#### Instructions to follow
The answer must be only the lines below from the one holding "Dinghies tied up" down to the one holding "cut through a", ends included, printed exactly; please omit all pictures.

#### Records shown
____
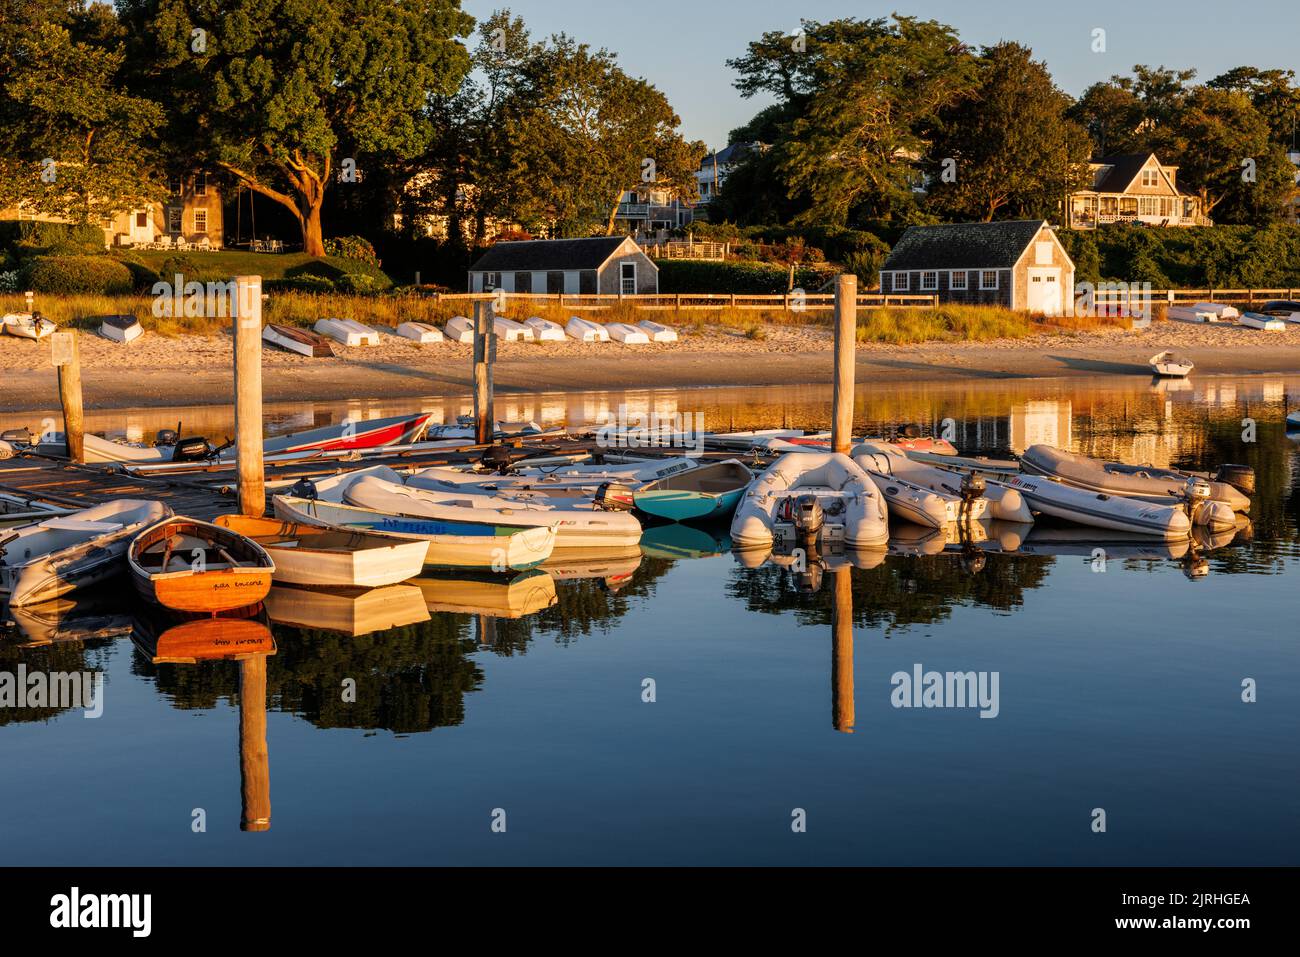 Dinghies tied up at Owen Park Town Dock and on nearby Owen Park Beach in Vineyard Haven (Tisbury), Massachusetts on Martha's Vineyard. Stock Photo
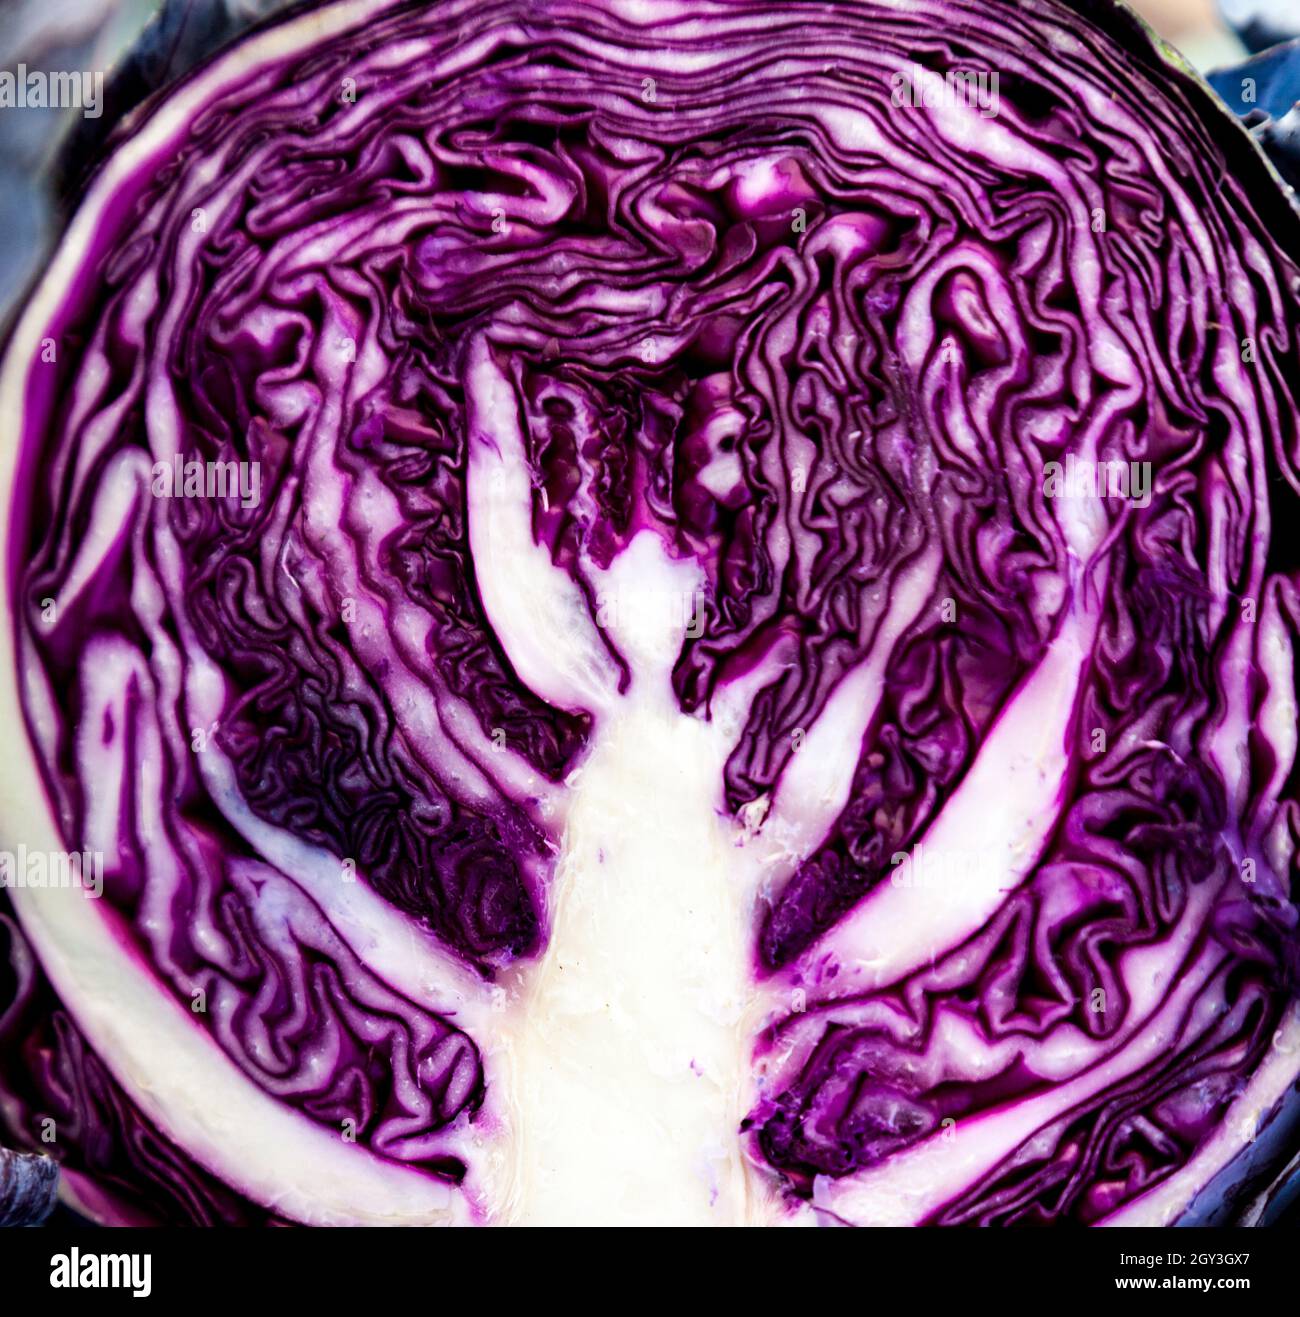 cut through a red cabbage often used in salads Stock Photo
____
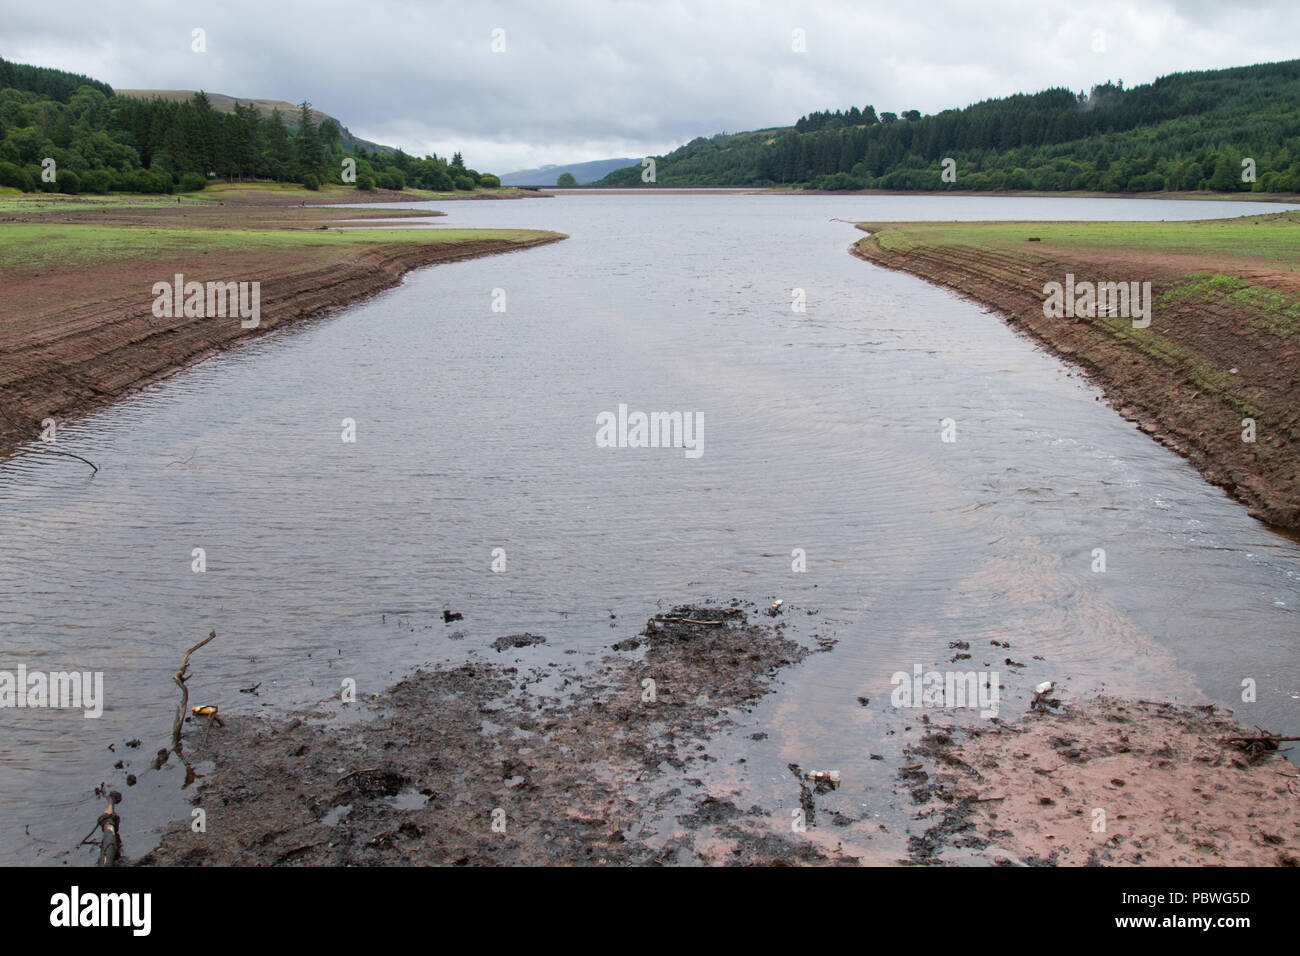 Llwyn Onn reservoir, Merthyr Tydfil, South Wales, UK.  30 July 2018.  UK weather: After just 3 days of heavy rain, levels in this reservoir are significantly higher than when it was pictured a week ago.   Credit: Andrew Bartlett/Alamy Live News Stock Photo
____
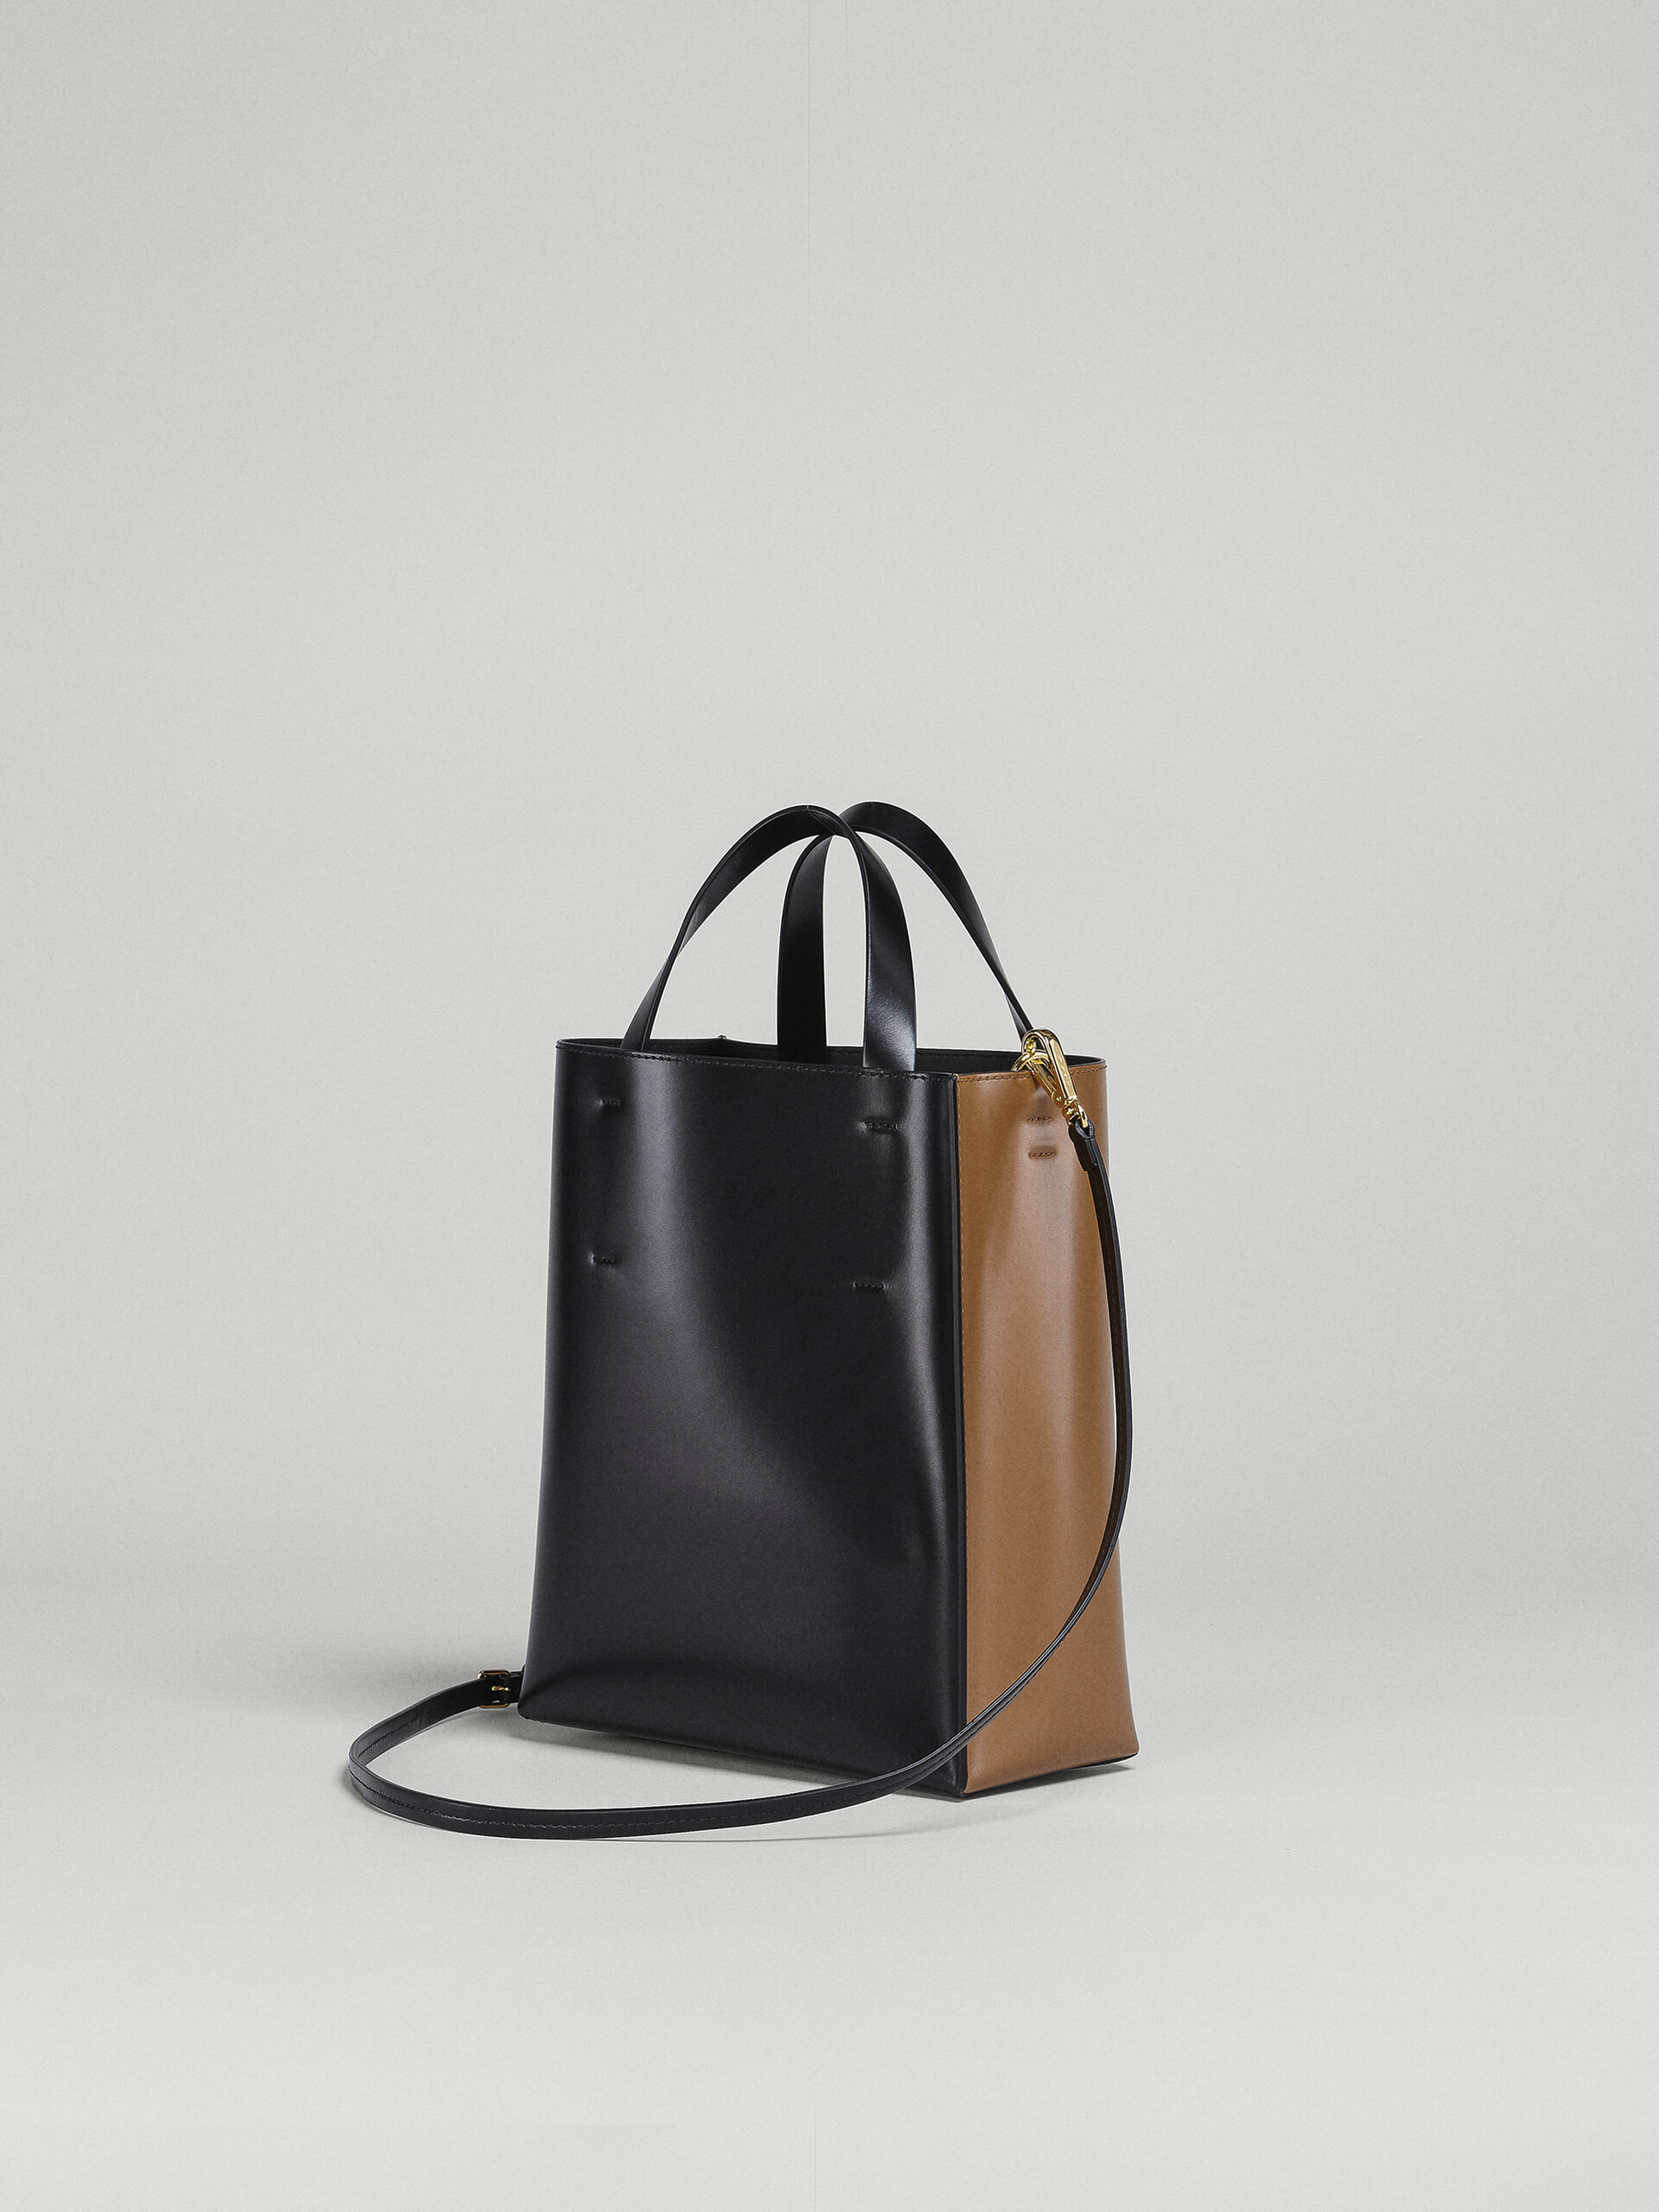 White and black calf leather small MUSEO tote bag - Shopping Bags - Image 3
____
#### Output for this task
 Dinghies tied up at Owen Park Town Dock and on nearby Owen Park Beach in Vineyard Haven (Tisbury), Massachusetts on Martha's Vineyard. Stock Photo
 cut through a red cabbage often used in salads Stock Photo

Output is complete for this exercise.